A Random Meeting of Strangers: Worlds Apart

The photograph depicted below has become known as the  “Migrant Mother.” It is one of a series of photographs that Dorothea Lange recorded of Florence Owens Thompson and her children in February or March of 1936 in Nipomo, California.  Lange gave this account of the experience:

Captured by Dorothea Lange in 1936.

Captured by Dorothea Lange in 1936.

“I saw and approached the hungry and desperate mother, as if drawn by a magnet. I do not remember how I explained my presence or my camera to her, but I do remember she asked me no questions. I made five exposures, working closer and closer from the same direction. I did not ask her name or her history. She told me her age, that she was thirty-two. She said that they had been living on frozen vegetables from the surrounding fields, and birds that the children killed. She had just sold the tires from her car to buy food. There she sat in that lean- to tent with her children huddled around her, and seemed to know that my pictures might help her, and so she helped me. There was a sort of equality about it.”

(From: Popular Photography, Feb. 1960).

Now fast forward to December of 2011 to a small town just west of Santa Rosa, California known as Sebastopol. It’s name coming from a town in Russia that was under seige by the British in the Crimean War of the 1850’s.  The town was demolished during the 1906 earthquake that rocked San Francisco and rebuilt.

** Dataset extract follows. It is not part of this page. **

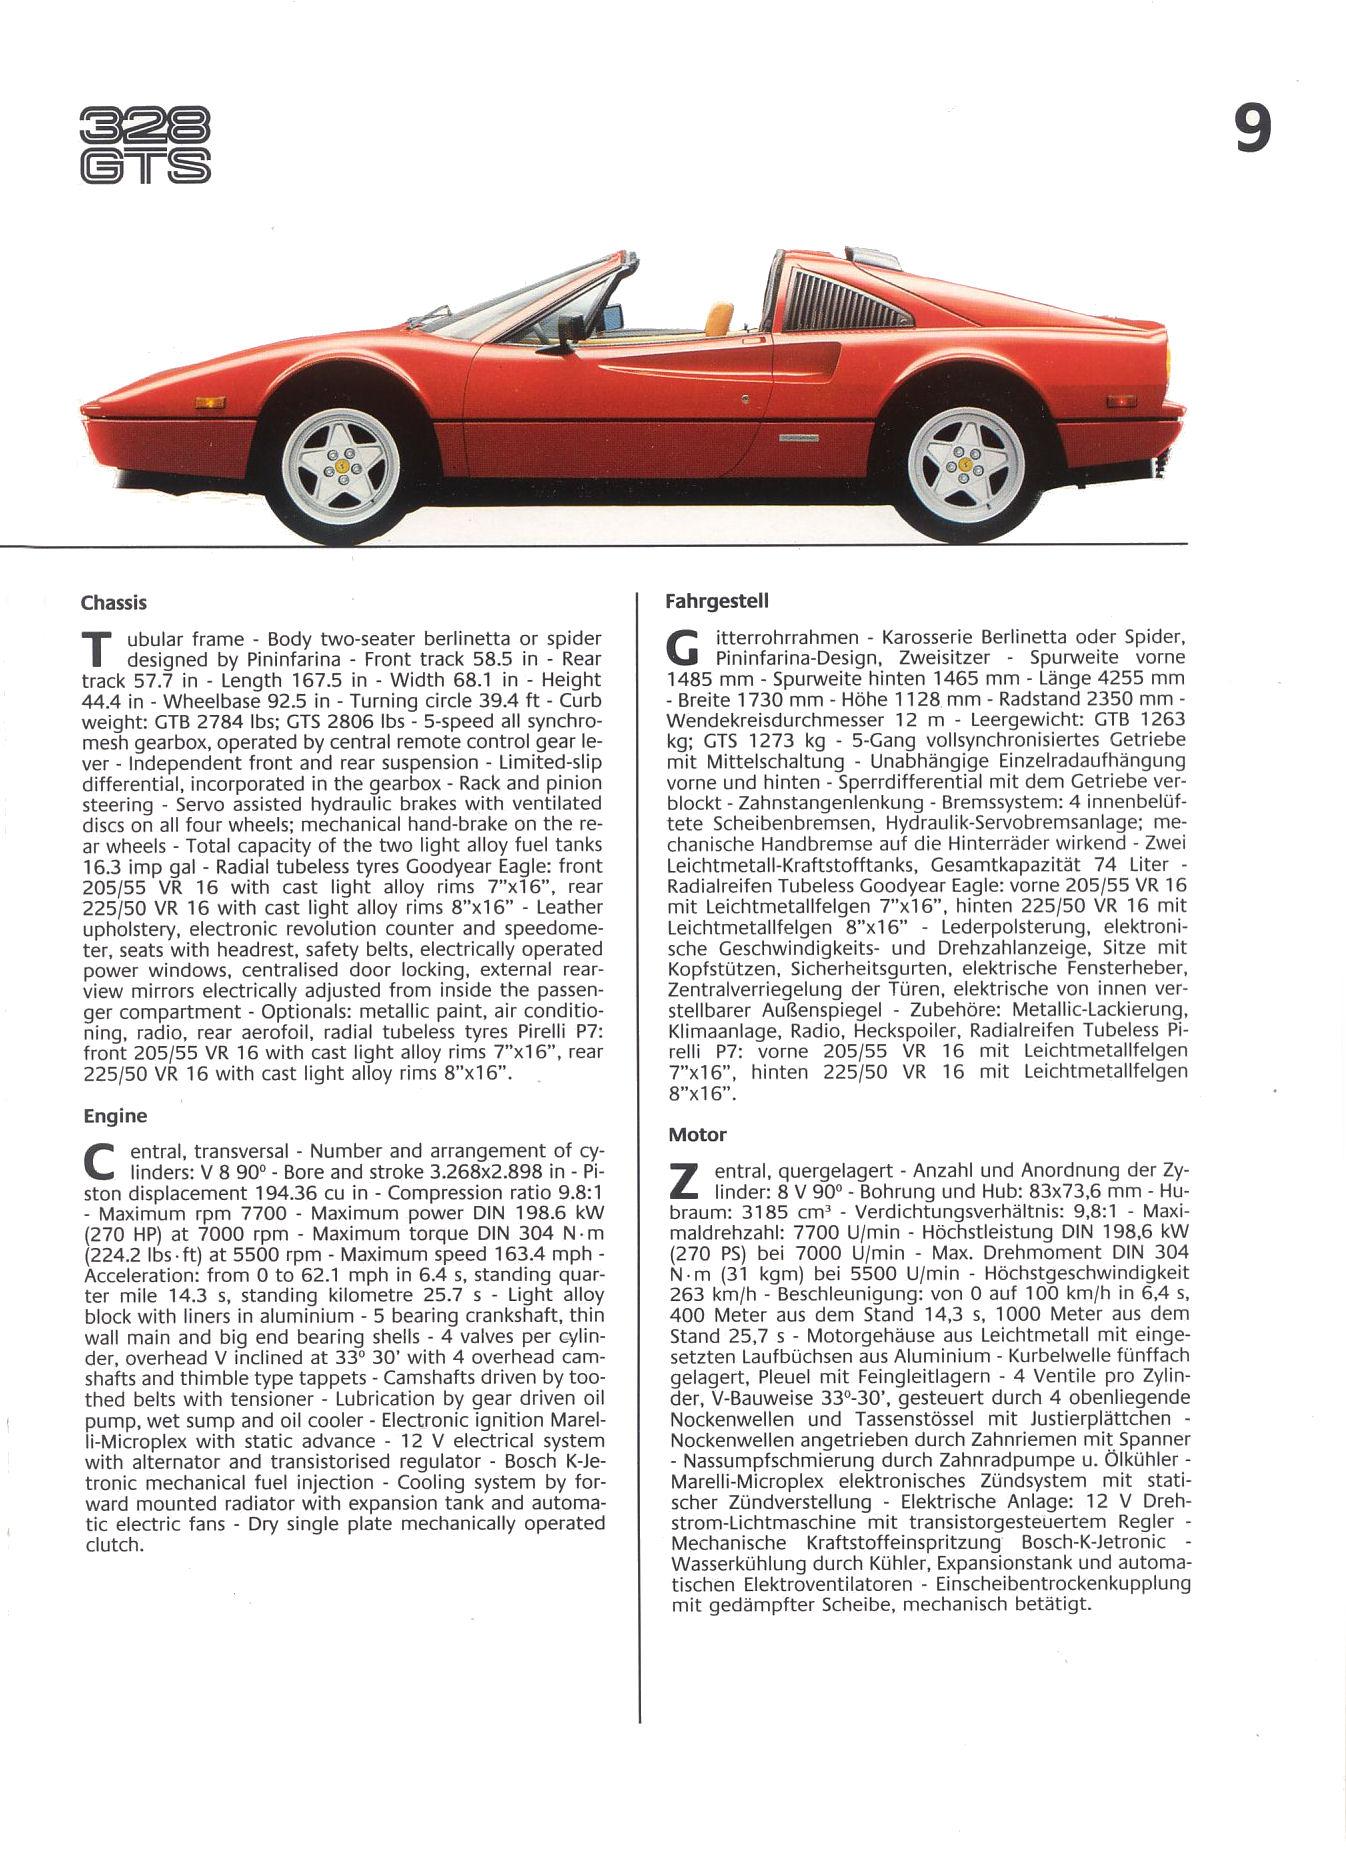 Ferrari 1986 Brochure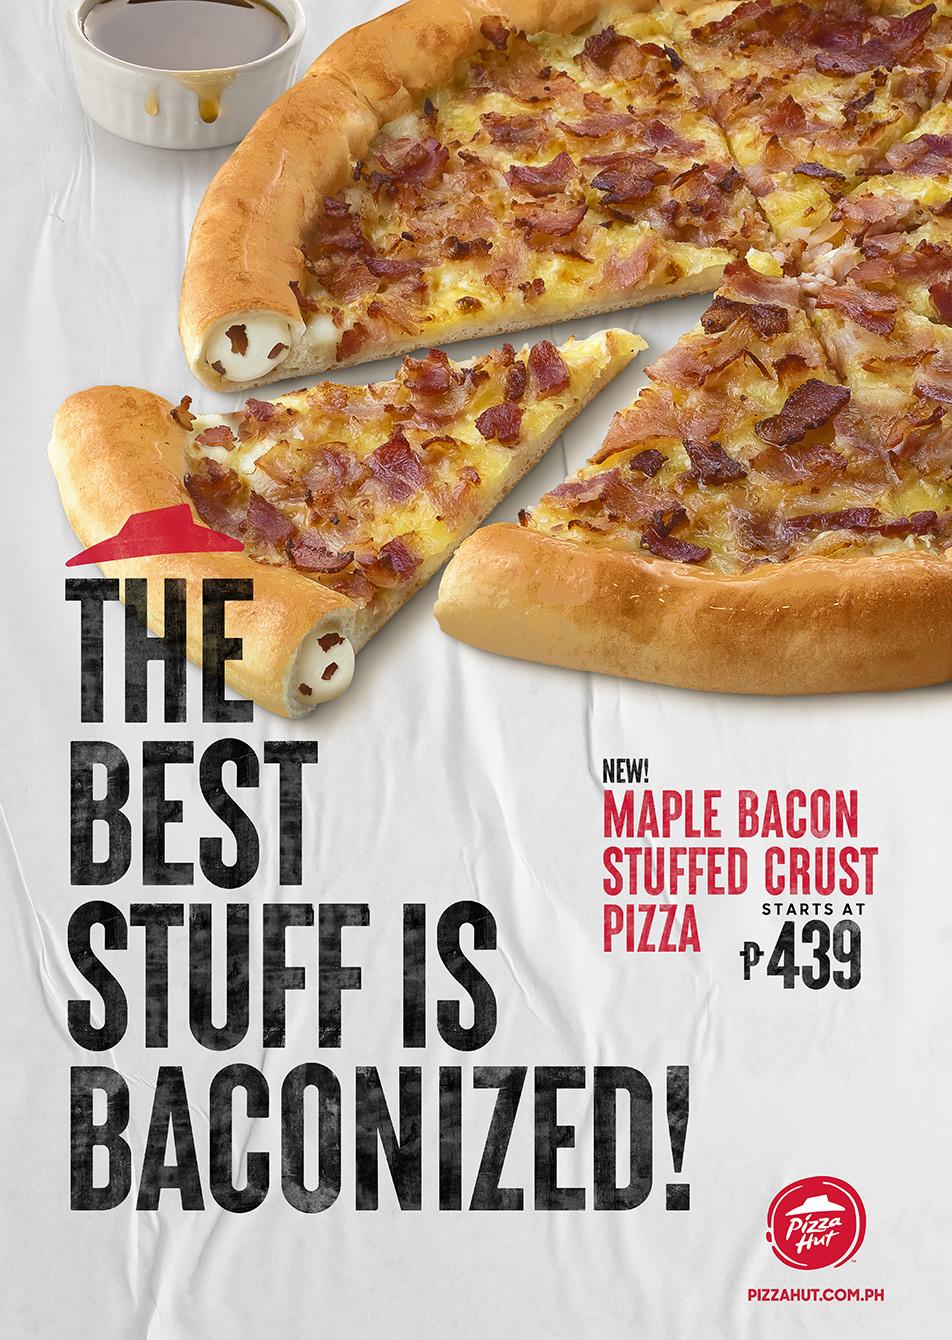 Pizza Hut's Maple Bacon Stuffed Crust Pizza

It was in this small town that a flashback to Lange’s famous “Migrant Mother” came to me.  That old photographed has always been imprinted into my mind..  While vacationing, and  driving thorough the streets of the town, my eyes gazed into the eyes of a modern day,  migrant mother.  She was standing on the corner begging for food with sign in one hand and her young child in the other hand.  He clothes were tattered and torn, while her child stood steadfastly, holding onto her hand and squeezing tightly, she appeared to be fearful  of an  unpleasant  verbal exchange with the next stranger.  A deja vu came over me, this woman was similar to the one depicted in Lange’s photograph of 1936.  After pulling over to the curb and stopping the automobile. her face came out of the shadows and into the sunlight. She stood proudly with her daughter, forcing herself to hold her head erect.   Her sun-dried complexion, wrinkled hands, and exhausted looking posture was proof enough that mercy and charity was needed.  She reached out to my extended hand; her eyes met mine, money was exchanged, and out of the depths of her soul came a smile of gratitude.  Her deliberateness and thankfulness was evidenced by a slow, glowing smile that warmed my heart. A few words of gratitude were shared.

In that moment; face to face, eye to eye, and hand in hand,  our  connection was deeply  moving and emotionally felt.   In this random encounter, two strangers became partners in a struggle for human  life.   This random experience will be remembered forever as an experience of  shared humanity between the  faces of two strangers living worlds apart.  My camera remained in check for the only image recorded that day was developed and imprinted as a part of my soul.